エルシュ・ドラゴンが悲鳴染みた咆哮を上げる。驚いて立ち止まったニャルクさん達が私を見つけて、途端に笑顔になった。
「ニャオ! キイニャはどうにゃった?!」
「無事です! イエロードラゴンを狩りに行きました!」
「にゃんですって?!」
叫ぶニャルクさんの頭を、そのさんが尾先でぺちんと叩いた。
「さっきから騒々しいったらないよあんた達。ちっとも集中できやしない」
「で、ですが、キイニャがイエロードラゴンを狩りに行ったって?!」
「元からそれが目的だろう? 何を驚いてるんだい」
はあ、とそのさんがため息をつく。嫌な気配を感じて振り向き様に矢を射れば、いつの間にか飛んできてた火球が真ん中から左右に割れた。
「ゴアアァァァアアアアァァァァァッ!!」
皮膜に空けた穴が小さかったのか、エルシュ・ドラゴンはまだ空にいて、私を睨んでる。ニャルクさん達に軽く手を振って、私も空へ飛んだ。
「私の相手をしてくれん? 向こうは忙しいけな」
「ぼくも混ぜてよ」
兄弟猫とそのさんにまた攻撃しないように、挑発しながら言えば、真上から声がした。
「清ちゃん、今までどこにおったん?」
雲の隙間から、一番大きい姿になった清ちゃんがするすると降りてくる。責めたつもりじゃないんだけど、ちょっと居心地の悪そうな顔をされた。

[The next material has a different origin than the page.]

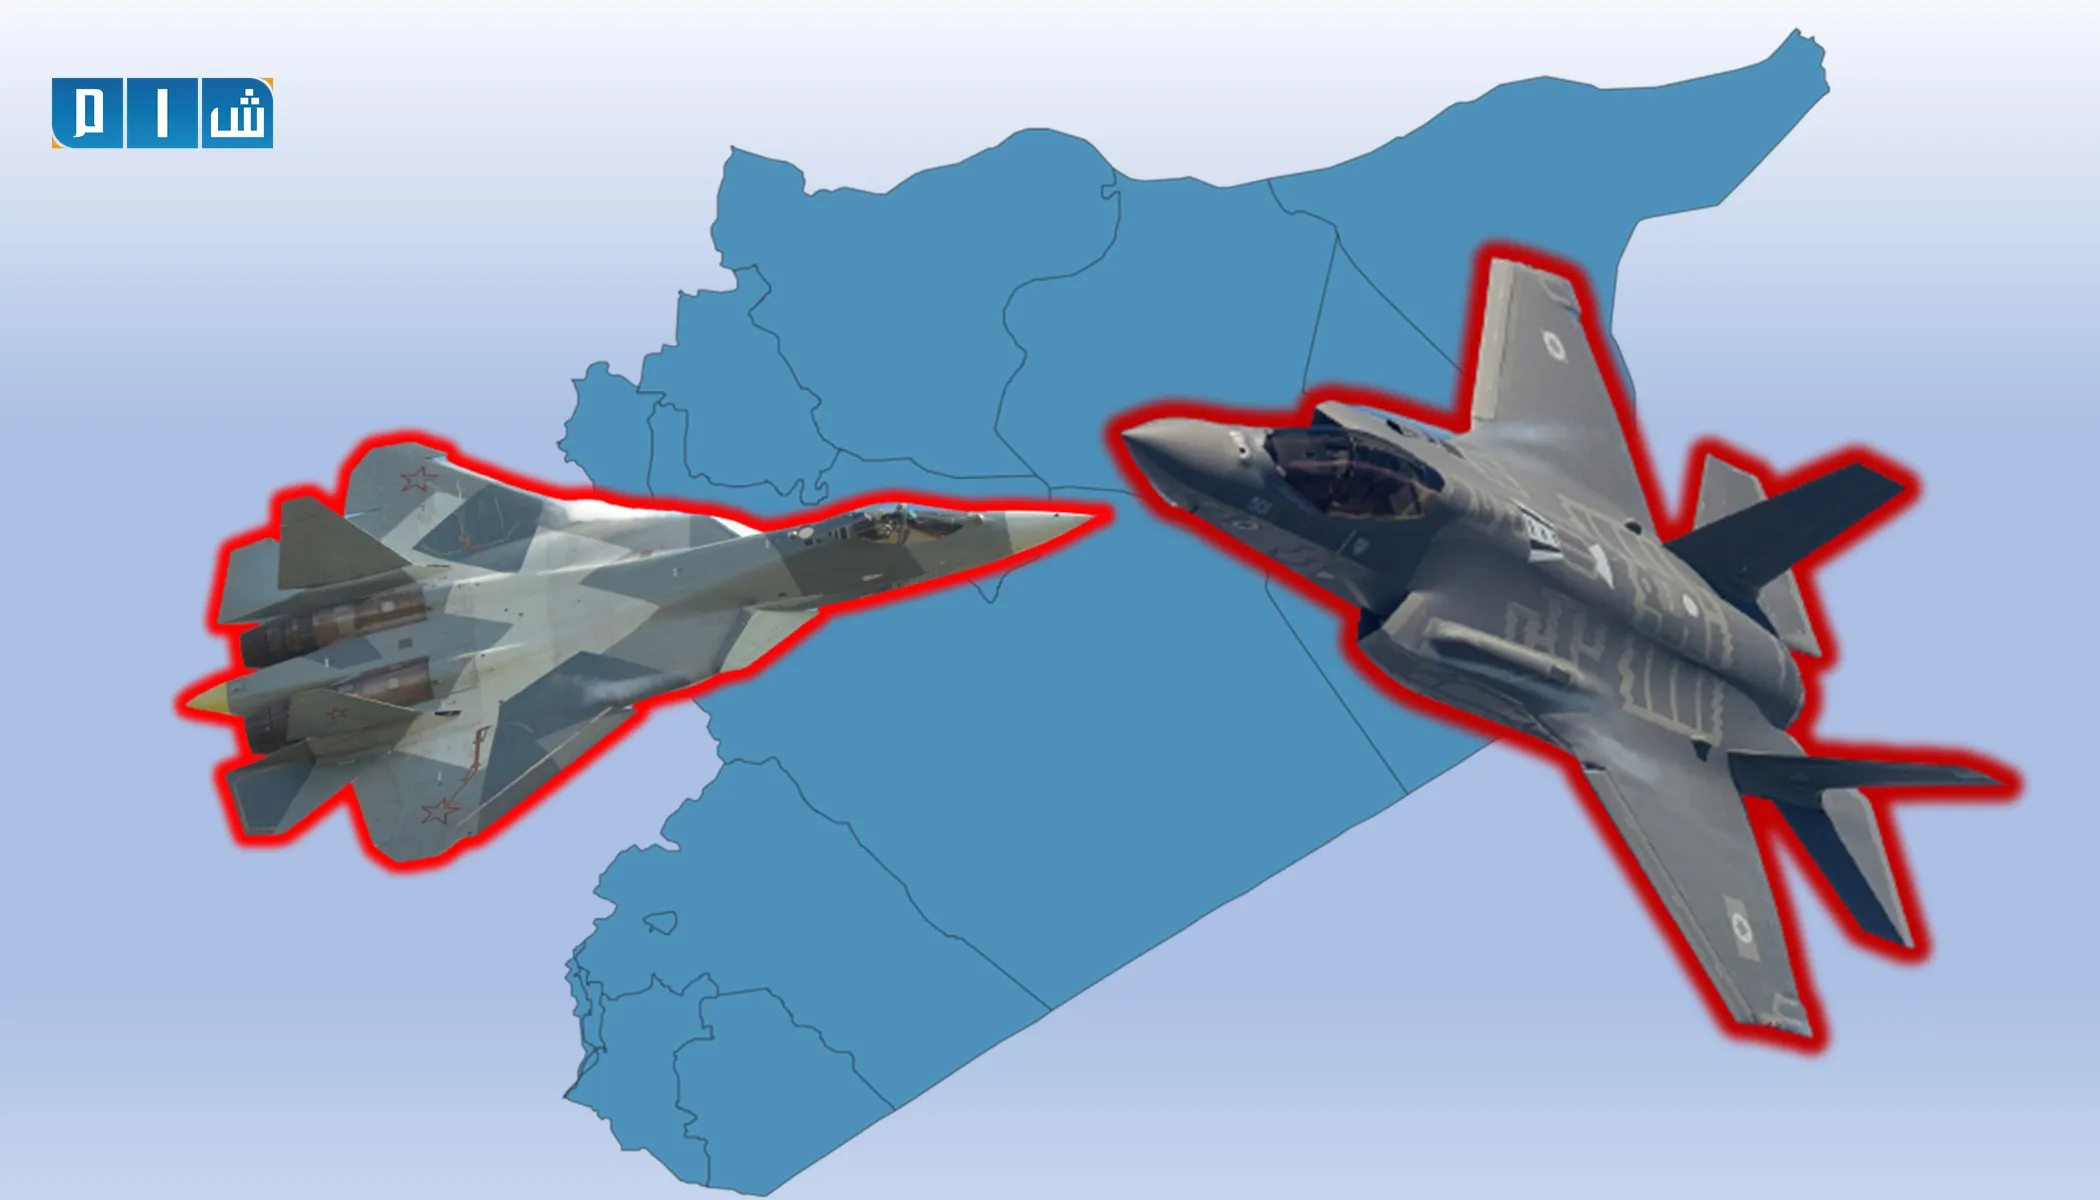 "المصالحة الروسي" يتهم واشنطن بانتهاك سلامة الرحلات الجوية في سوريا 

「黄菜がドラゴン狩りを始めた時、近くにエルシュ・ドラゴンがいることに気づいて家まで物を取りに行ってたんだ。すぐに戻ってくるつもりだったんだけど、まさか番がこんなに早く合流するとは思わなくて……。ごめんね?」
「任せっきりにしたのは私の判断やけな。黄菜のことを思って動いてくれたにぃ怒りはせんよ」
そもそも、うちの仔らなら大丈夫、なんて思い込んでしまってたからな。実際黄菜と赤嶺以外は危なげなくドラゴンを狩れたわけだし。もっと注意すべきだったよ。

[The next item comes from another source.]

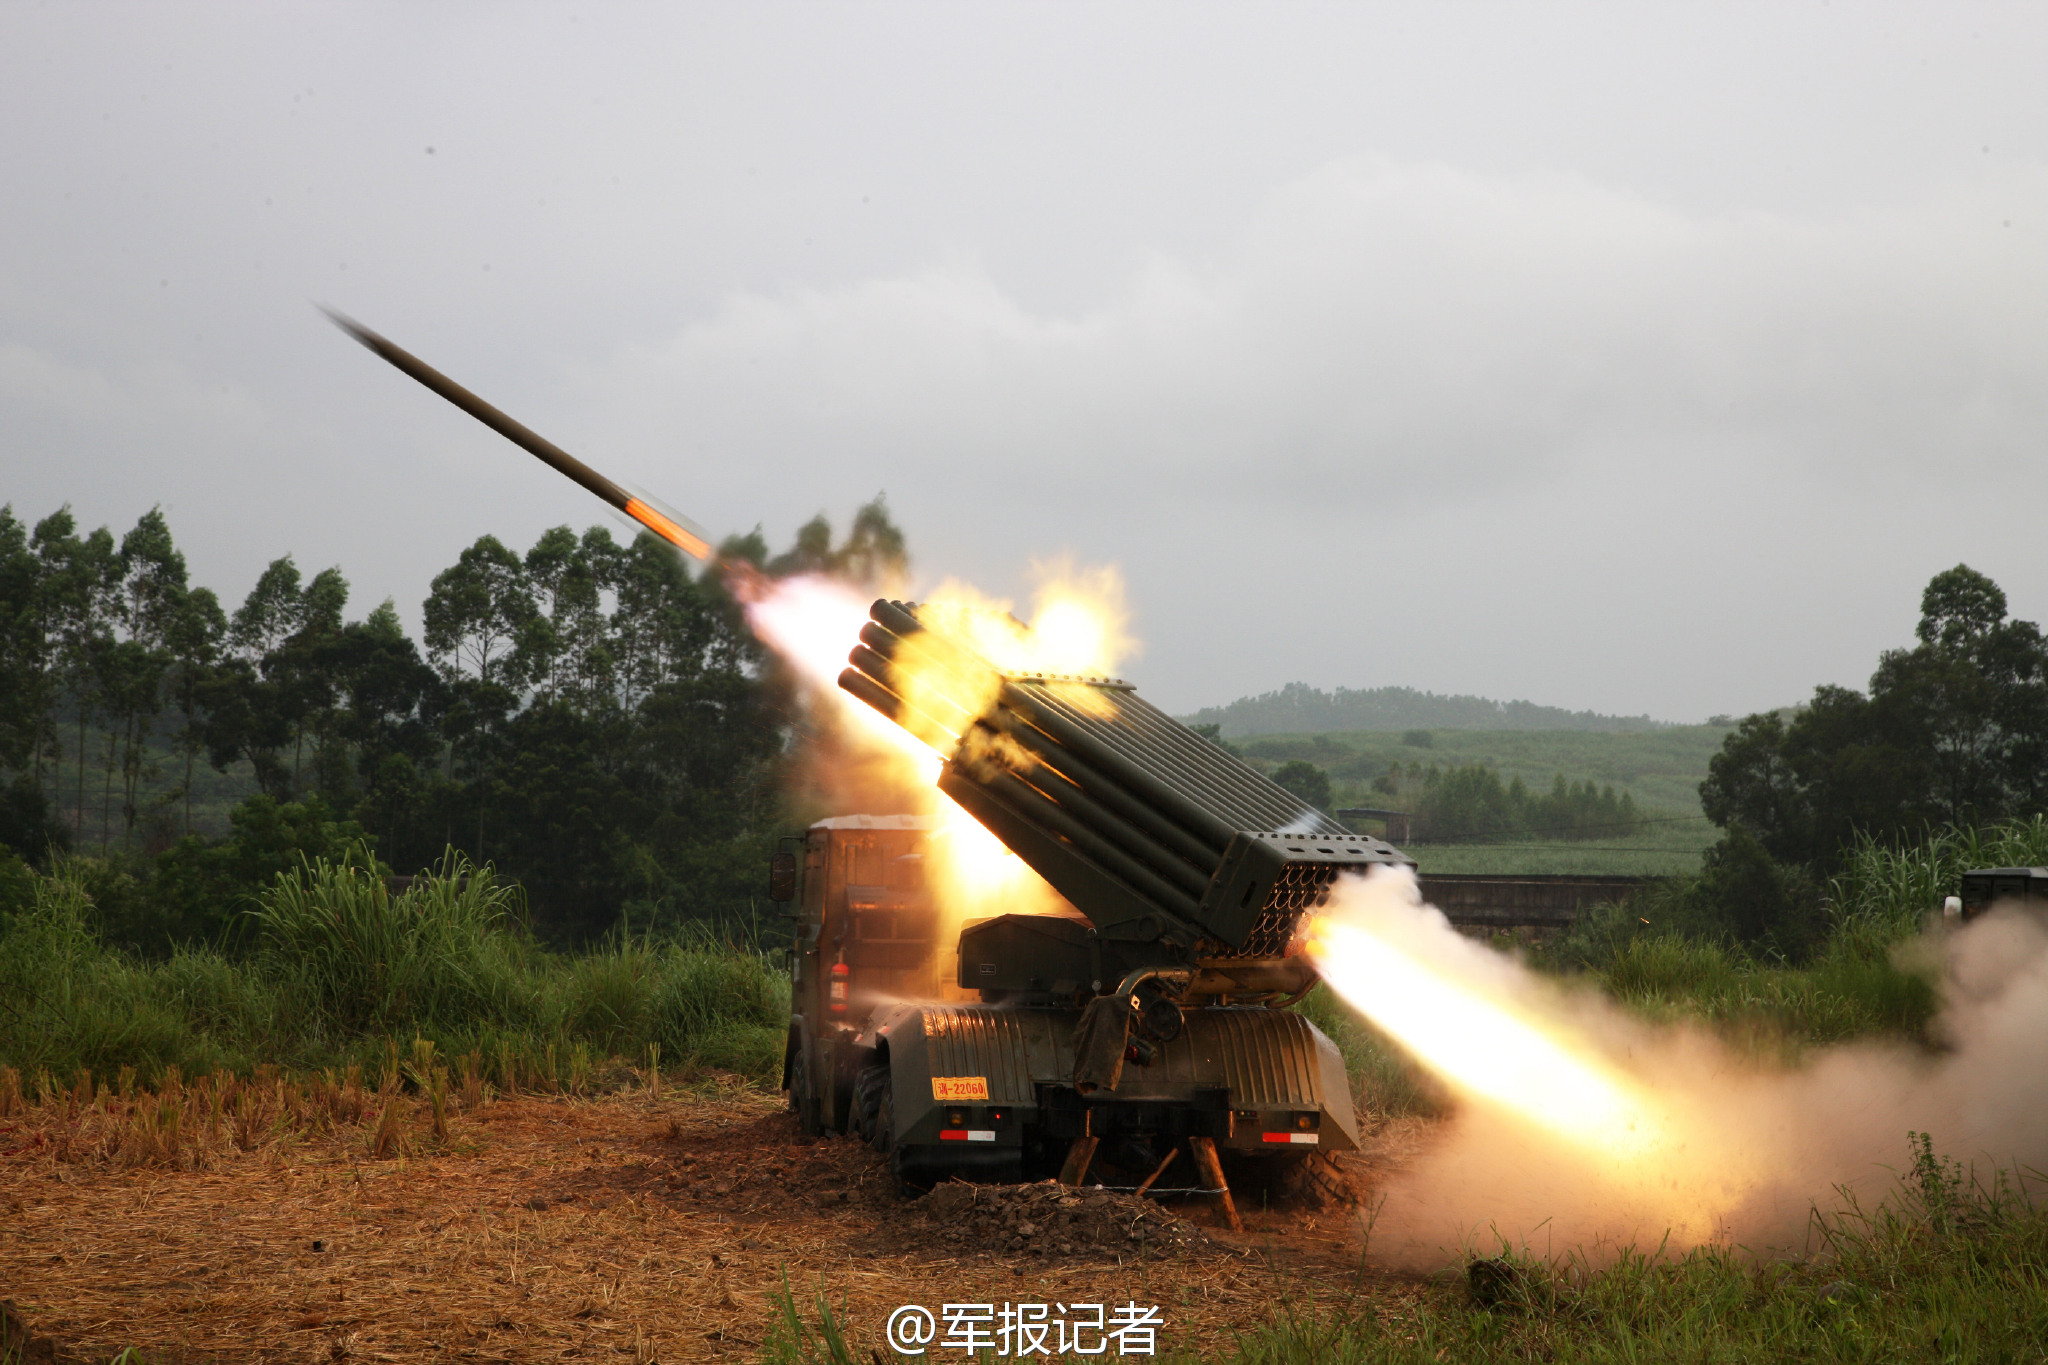 高清:直击山地步兵旅火箭炮实弹射击现场

「あいつ、結構強いね。もちろん漣華ほどじゃないけどさ」
「漣華さんより強いドラゴンなんておるん?」
「うーん……。いないんじゃない?」
(おるわけなかろう)
あ、聞かれてた。
(妾と肩を並べられるのはせいぜいシラドぐらいじゃ。そのシラドを負かしたそなたらならその金色なぞ敵ではない)
「うん、頑張るね」
私だって頑張るよ。
「ところで、家から持ってきた物って?」
そう聞いたところで、エルシュ・ドラゴンが突進してきた。清ちゃんは上に、私は下に逃げる。擦れ違い様に尾で叩かれて、激しく飛ばされてしまった。
「ニャオさん?!」
「どこへ行くんじゃ?!」
「堪えるんだよ!」
ニャルクさん達の声が遠くなっていく。体に受けた衝撃が大き過ぎて上手く飛べない。地面に叩きつけられる覚悟をした瞬間、背中が何かに触った。ぷにんって。
「……え? ……は?」
考えてもなかった感触に頭の中がハテナマークだらけになった。豆粒サイズにまで遠ざかったニャルクさん達が目を真ん丸にしてるのが見える。ゆっくり、ゆっくり振り返ると、物すごーく見覚えのようある、ヌメヌメした物体が見えた。
「り、璃桜ちゃん?」
名前を呼ぶと、長い長い触腕がピンと伸びて元気に返事をした。どうしてここに? あんた、百子と一緒にお留守番してたよね? いくらクラーケンだからって、福丸さんの森からここまでは来れないでしょ? ……もしかして、清ちゃんが家から持ってきた物って……。
(当たりー。ウルスナがくれた千年珊瑚だよー)
マジかーい。
ぐわり、と璃桜の触腕が持ち上がる。真後ろにエルシュ・ドラゴンがいるのも忘れてそれを目で追った。何する気? ねえ何する気??
風を切る音がして、触腕が頬を掠める。ぐしゃり、と、背後から嫌な音。振り返らなくても、何が起こったかなんてはっきりわかる。これは振り返れない。
「ニャオやーい」
ぽてぽてと可愛らしい足音がした。イニャトさんと、そのさんを抱えたニャルクさんが隣に並ぶ。
「キイニャの方はどうかの? 上手く狩れそうか?」
「相手が1頭にゃらキイニャだって遅れは取らにゃいでしょう。特等席で見守ってあげましょうね」
……そうだね。あれこれ考えても疲れるだけだわ。もう見守るに徹しよう。黄菜が危険になったら助けに行こうね。
私達の体の間をうねうねと這う璃桜の触腕に、ただただ笑うことしかできなかった。